While he was mayor, Womack continued to serve in the National Guard. He retired in 2009 with the rank of colonel after more than 30 years of military service. During those 30 years, he was deployed once.

Womack commanded the first National Guard infantry battalion sent overseas following the terrorist attacks on Sept. 11, 2001.

“A National Guard battalion hadn’t been mobilized in decades for overseas service, so it was unheard of in contemporary thinking,” Womack said. “[My commander] said, ‘Steve, I’m going to send your unit to Egypt,’ and it came over me — I don’t mind telling you — I don’t know that I was prepared for that.”
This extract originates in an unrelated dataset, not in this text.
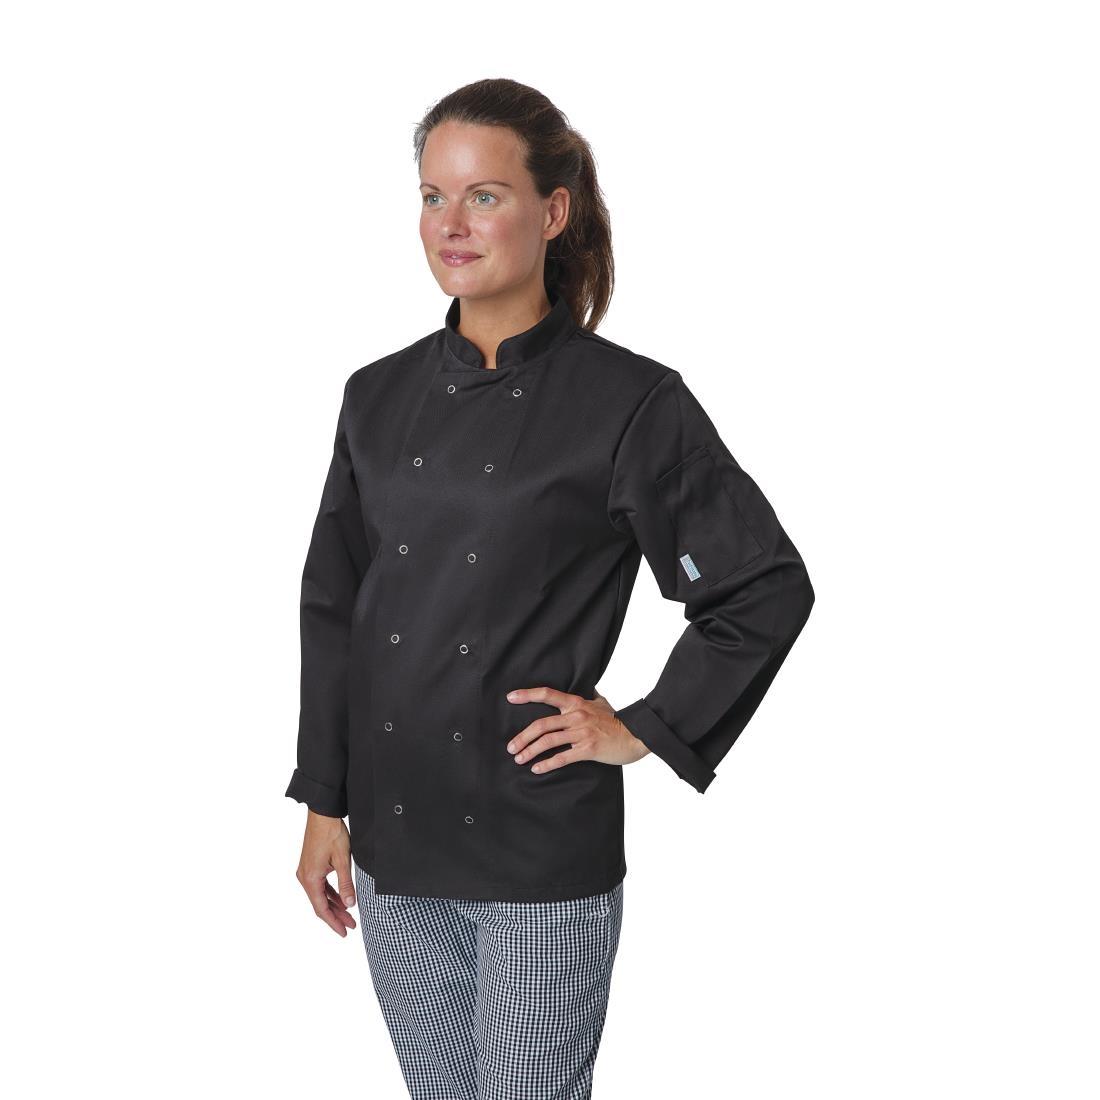 Whites Vegas Unisex Chefs Jacket Long Sleeve Black L - A438-L  - 2

Womack’s battalion, whom he called “the gunslingers,” deployed to Sinai, Egypt, to take over peacekeeping duties in January 2002 so the regular Army units could be freed for action elsewhere. The unit successfully returned unharmed six months later.

“The National Guard is now doing that same mission 10 years later, so we were the first and it’s been in the National Guard’s hands ever since,” Womack said. “We taught them something about the Guard that the active [military] component needed to know. The performance of the gunslingers in 2002 convinced a big Army that the National Guard can handle its work. I think the Guard has acquitted itself very nicely over time and is now a major part of our operational force, so I take a lot of pride in that.”

Sunday was the 10th anniversary of the Sept. 11 attacks. Womack said that thinking back on those events reminded him that “freedom isn’t free.”

“Sometimes the tragic circumstances, the hardship and the pain get lost over time — but it will never be lost on me. It was personal to me, not because I lost anyone I knew in the events, but in the aftermath and in the War on Terror … I’ve lost several of my friends,” Womack said, referring to five of his soldiers who were later sent to Iraq and killed.

“So it’s a personal thing with me and it stings even today and probably will for the rest of my life,” he said. “But it also gives us, as Lincoln said about Gettysburg, ‘a new birth of freedom,’ that America can regenerate itself.”